• SOURCE DATA:
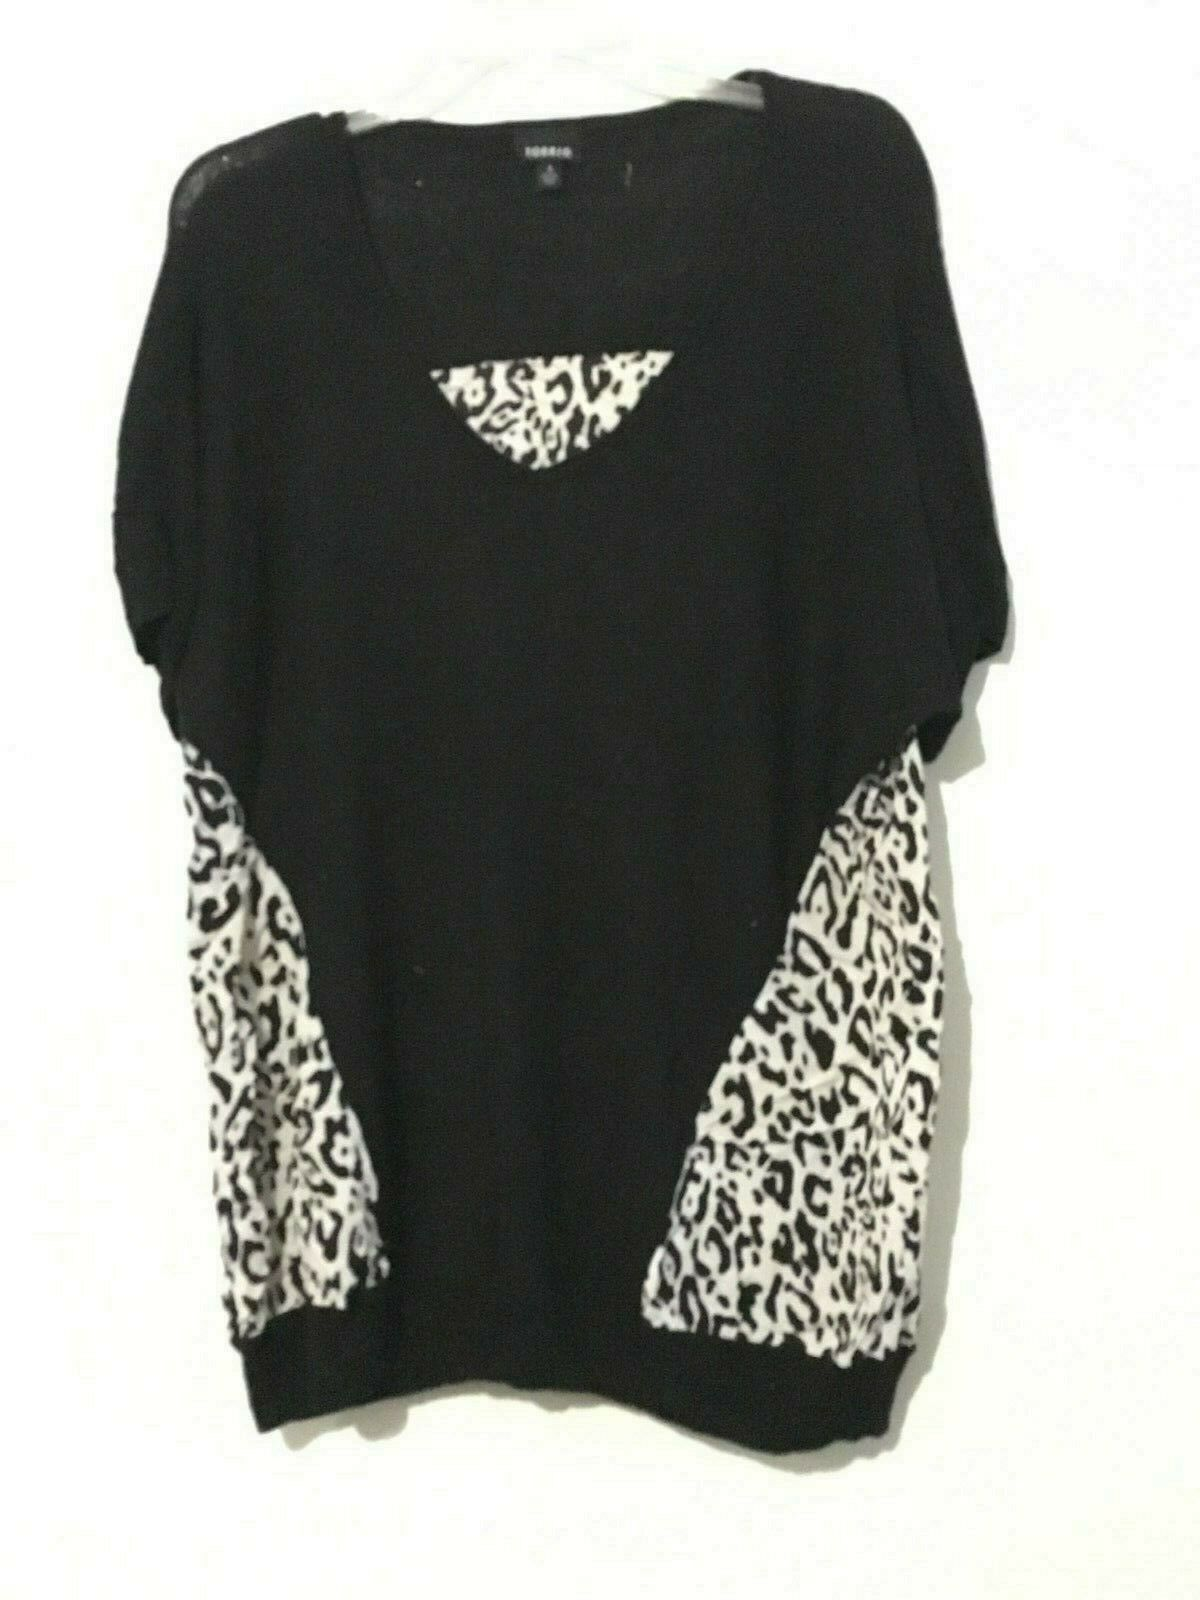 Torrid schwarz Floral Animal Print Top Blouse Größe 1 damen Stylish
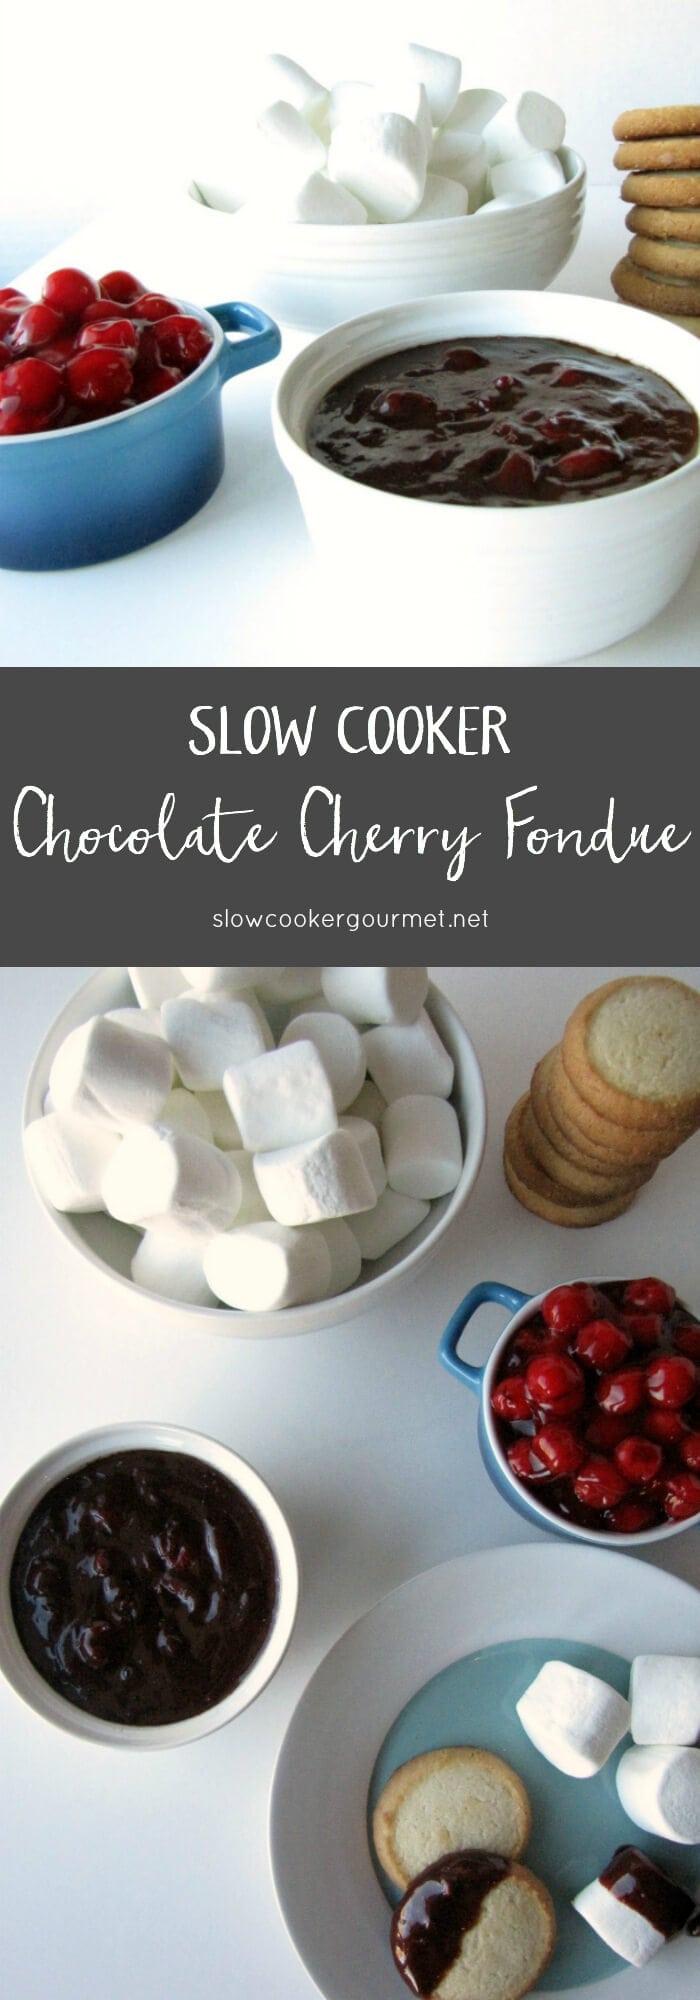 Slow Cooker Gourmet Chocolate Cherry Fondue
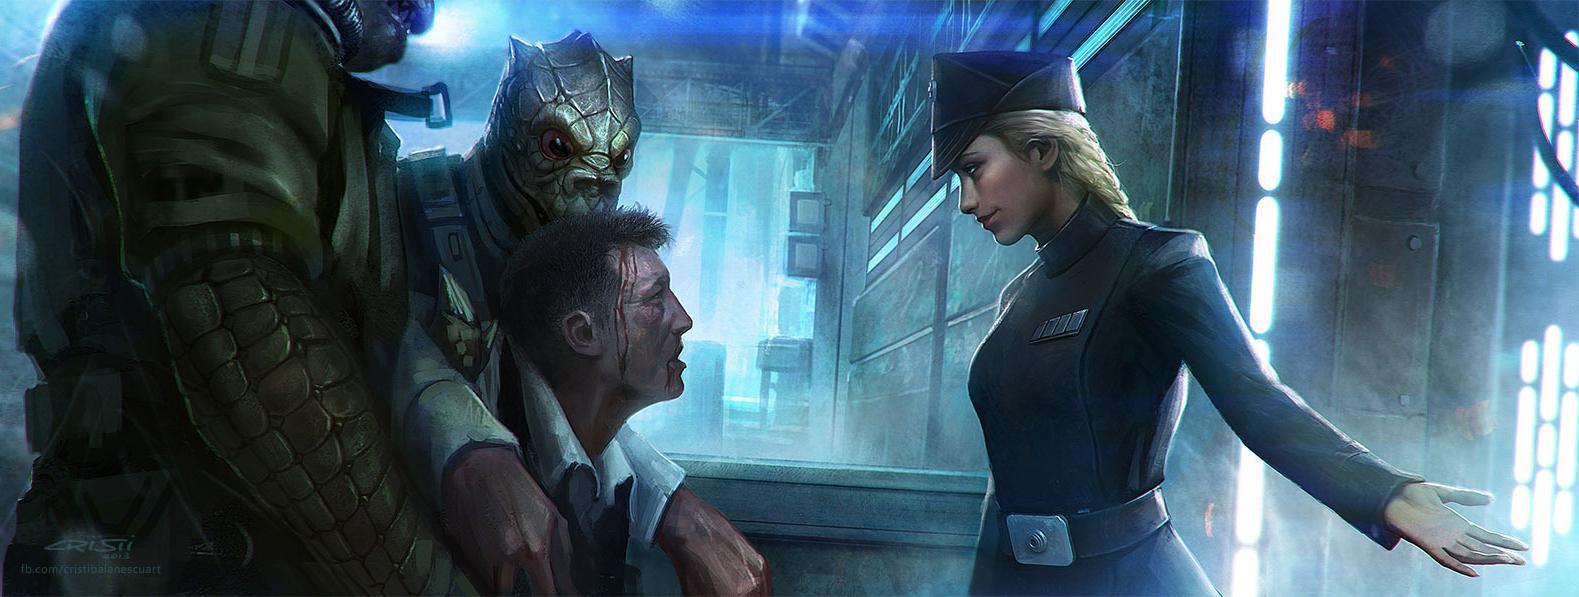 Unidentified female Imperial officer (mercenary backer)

• WORK INSTRUCTIONS: Produce a word-for-word version of the material, with no pictures included.

• EXERCISE ANSWER:
 Torrid schwarz Floral Animal Print Top Blouse Größe 1 damen Stylish
 Slow Cooker Gourmet Chocolate Cherry Fondue
 Unidentified female Imperial officer (mercenary backer)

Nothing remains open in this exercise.